Problem 2-101 - Linear Kinematics - Part 6 - (b)

A car \((c)\) with one headlight burned out is traveling at a constant speed of \(18 \;m/s\) and passes a stopped police car \((p)\). The car is pursued immediately by the police cruiser, which has a constant acceleration of magnitude \(2.2 \;m/s^2.\)
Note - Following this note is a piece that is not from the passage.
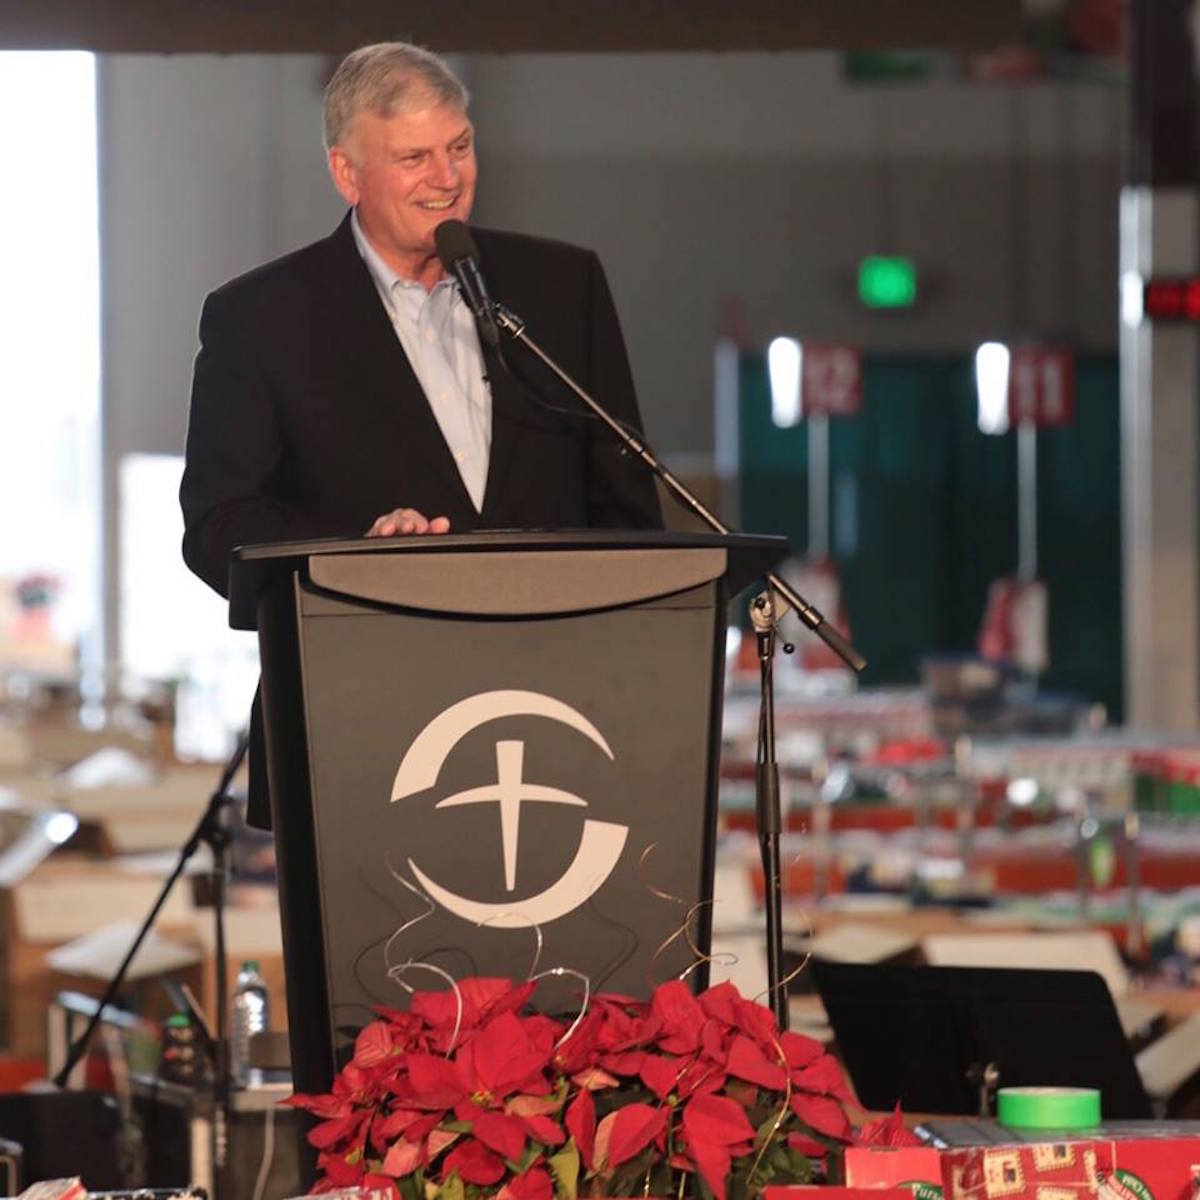 Facebook apologises to evangelist Franklin Graham for removing anti-trans post

(a) How far does the police cruiser travel before catching the other car?
(b) At what time will this occur? (Hint: Graphing may help to visualize this problem.)

Accumulated Solution

Displacement of the car
\(x_c = x_{0c} + v_{0c^t}\)

Displacement of the cruiser
\(x_p = x_{0p} + v_{0p} + ½ \;at^2\)

Correct!
Set \(x_p = x_c = x\) and eliminate \(t\)
 
From the first equation \(t = x/v_c\)
Substitute this into the second equation
 
\(x = ½ \;a(x/v_c)^2\)
 
Therefore
\(x = 2v_{c^2}/a = 1(18)^2/(2.2) = 2.9 \times10^2\; m\)
 
This is the answer to part (a)

To find the time elapsed until they meet we should:

(A)  Insert \(x = 290\; m\) in the first equation and solve for \(t.\)

(B)  Insert \(x = 290\; m\) in the second equation and solve for \(t.\)

(C)  Equate the two \((x_c\; \text{and}\;x_p)\) and solve for \(t.\)